I am looking forward to my sister’s cat, Summer, next week in Seoul. Even though I have cat allergy, I always look forward to having him lounging around me.

3 thoughts on “animals in our lives

  1. Jenna

    Pretty nice post. I just came across your blog and wanted to say
    that I’ve really enjoyed browsing your blog posts. Anyway
    I’ll be subscribing to your blog and I hope you post again soon!

  2. Ying

    When a couple wants kids, they think about the future they want to have, it’s about sharing. When a person wants a pet, it’s about owning.

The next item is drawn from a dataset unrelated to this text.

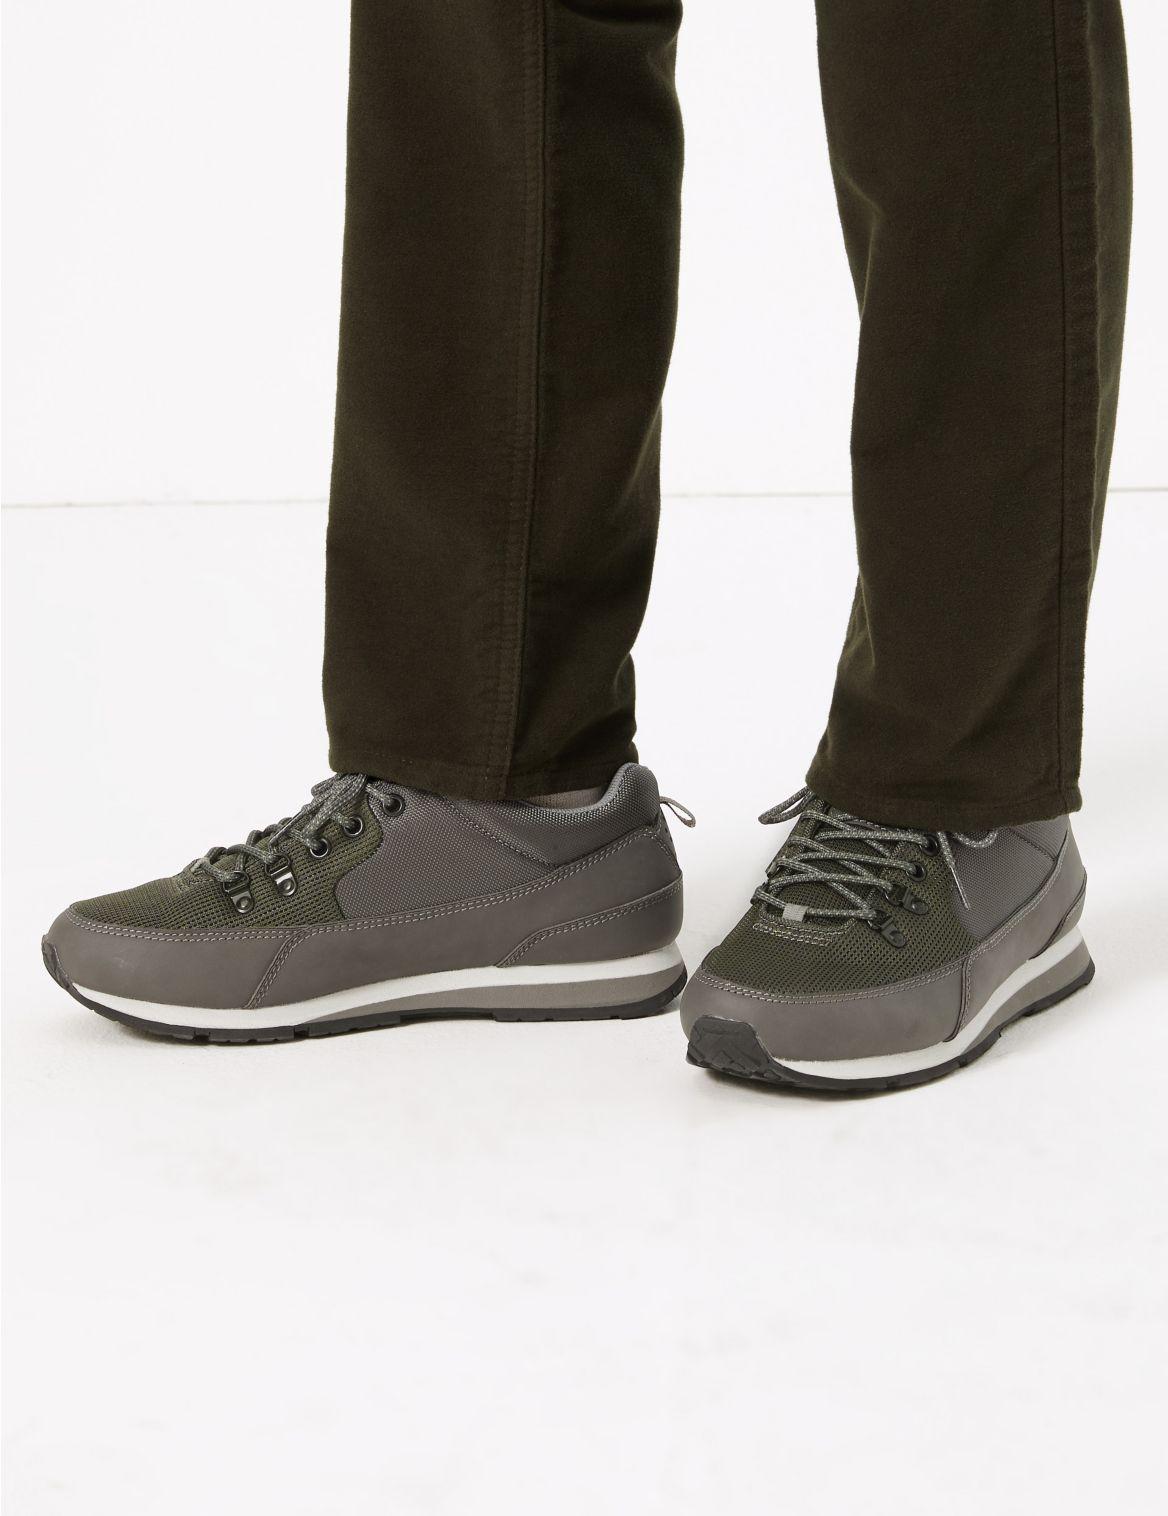 Chaussures de marche style sport. Chaussures de marche style sport

    I just want to add the spiritual aspect of animals in our lives. In Chinese spiritual beliefs ( I don’t agree that this is a Buddhist point of view), humans, animals and all forms of lives are a part of the reincarnation system. Each living matter gets its chance to do good. The reward is to be promoted to a higher form of life. The punishment is to be demoted to something less significant or live with more sufferings. A farm cow that has to work all day long and get slaughtered at the end of its useful life can be considered as someone who may have done bad things to the farmer in its previous life, therefore paying back in this life. A kid born with a silver spoon may become an ant in his next life if he becomes doesn’t keep up with his good karma. This is a very interesting perspective of life. When everything is interconnected with the good and bad deeds, when every thing will be held accountable, people’s behaviors change. This also puts the relationship between humans and animals in a very unique perspective. It’s therefore in the lives of people, but in the basis of ethics.